Search code examples
pythonalgorithmperformancelarge-datalarge-files

Time performance in Generating very large text file in Python


I need to generate a very large text file. Each line has a simple format:

Seq_num<SPACE>num_val
12343234 759

Let's assume I am going to generate a file with 100million lines. I tried 2 approaches and surprisingly they are giving very different time performance.

  1. For loop over 100m. In each loop I make short string of seq_num<SPACE>num_val, and then I write that to a file. This approach takes a lot of time.

    ## APPROACH 1  
    for seq_id in seq_ids:
        num_val=rand()
        line=seq_id+' '+num_val
        data_file.write(line)
    
  2. For loop over 100m. In each loop I make short string of seq_num<SPACE>num_val, and then I append this to a list. When loop finishes, I iterate over list items and write each item to a file. This approach takes far less time.

    ## APPROACH 2  
    data_lines=list()
    for seq_id in seq_ids:
        num_val=rand()
        l=seq_id+' '+num_val
        data_lines.append(l)
    for line in data_lines:
        data_file.write(line)
    

Note that:

  • Approach 2 has 2 loops instead of 1 loop.
  • I write to file in loop for both approach 1 and approach 2. So this step must be same for both.

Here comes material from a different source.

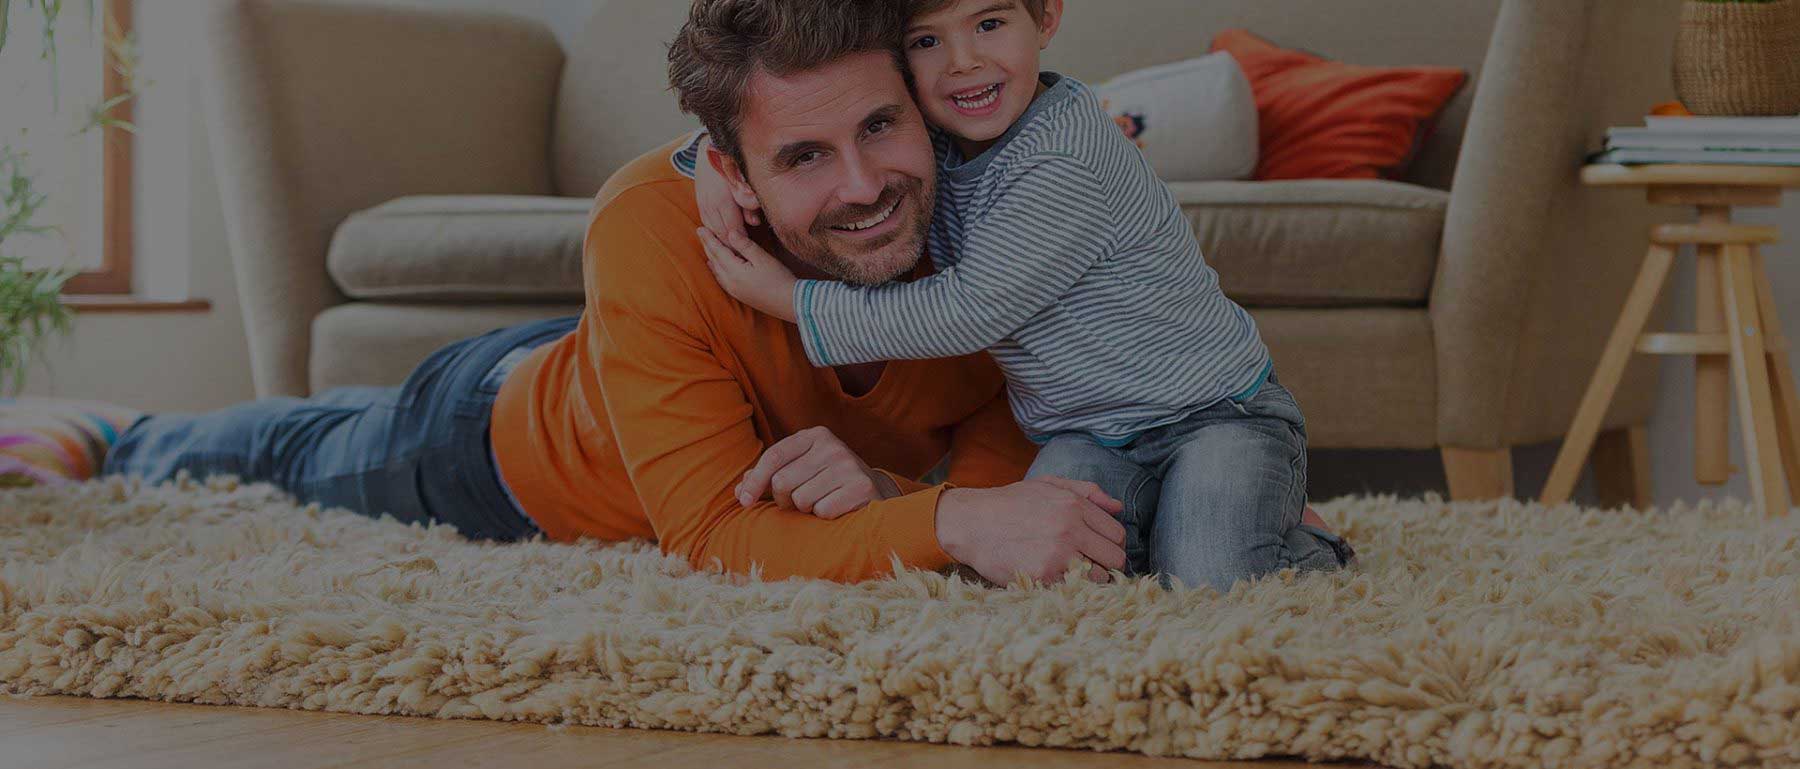 Glasgow-Carpet-Cleaning
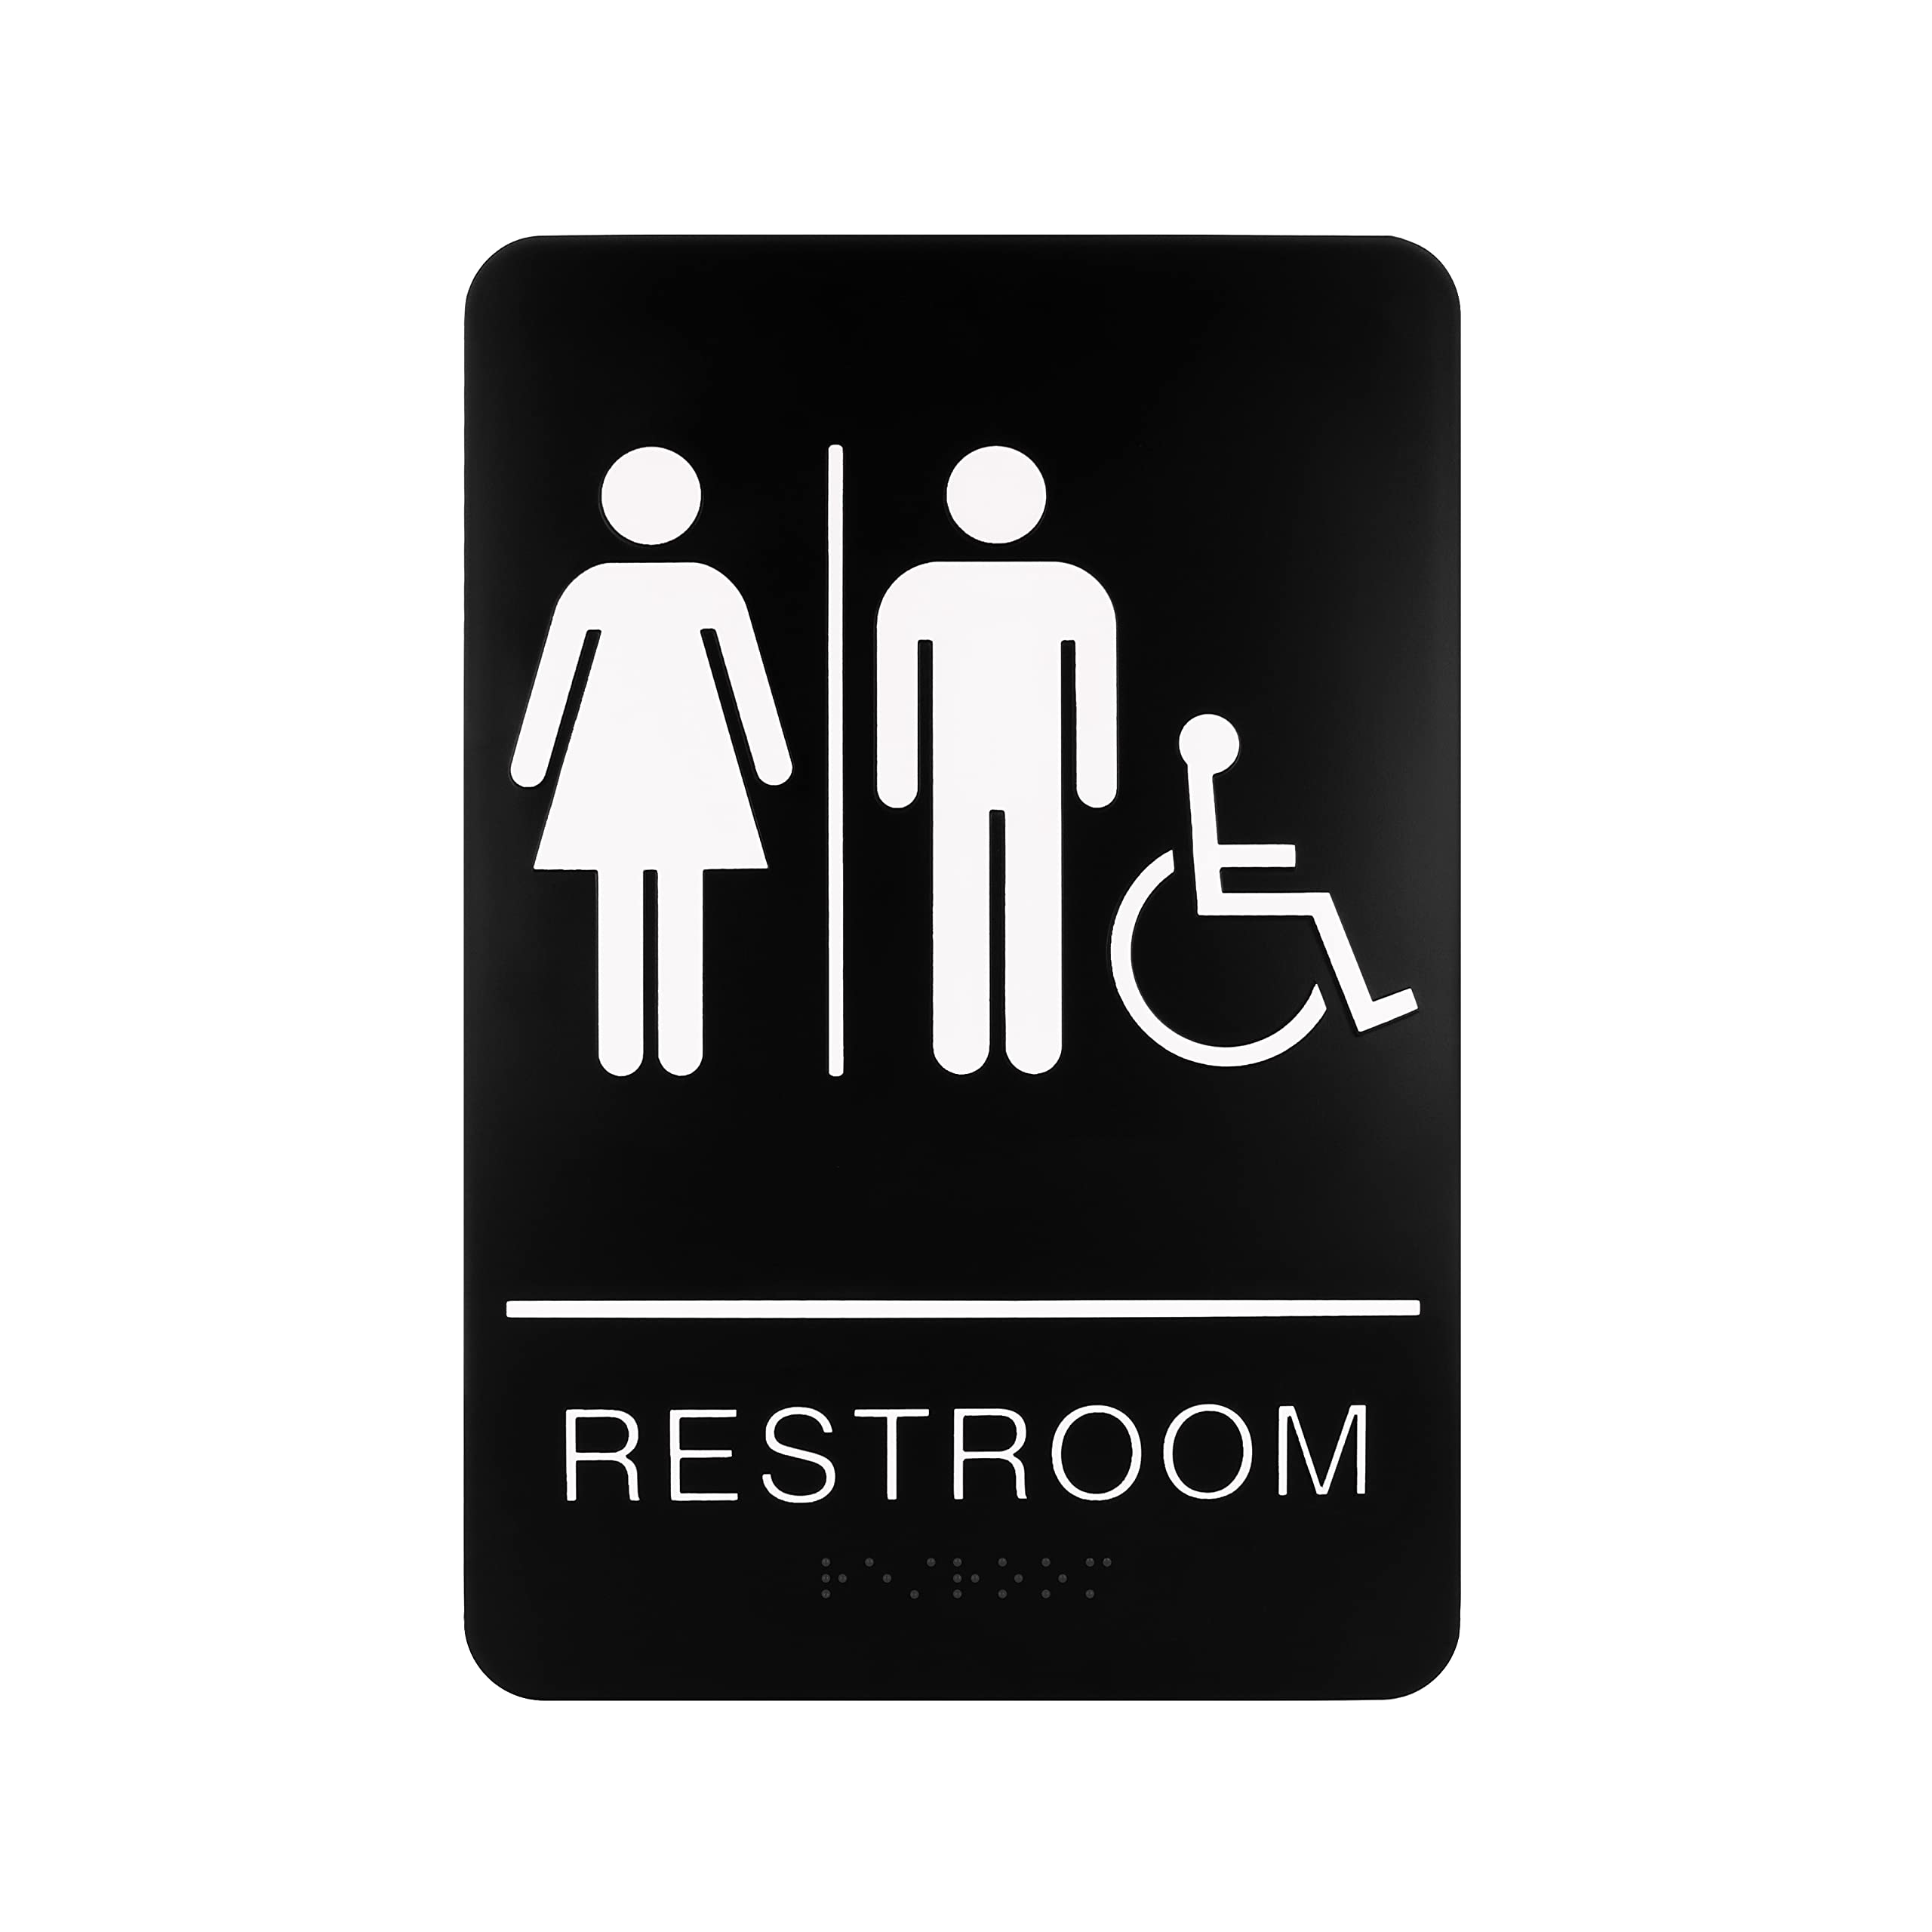 ExcelMark Restroom Sign for Business - ADA compliant Braille Bathroom Sign with Double Sided Tape to Secure Perfectly in Less Than a Minut

So approach 1 must take less time. Any hints what I am missing?


Solution

  • Considering APPROACH 2, I think I can assume you have the data for all the lines (or at least in big chunks) before you need to write it to the file.

    The other answers are great and it was really formative to read them, but both focused on optimizing the file writing or avoiding the first for loop replacing with list comprehension (that is known to be faster).

    They missed the fact that you are iterating in a for loop to write the file, which is not really necessary.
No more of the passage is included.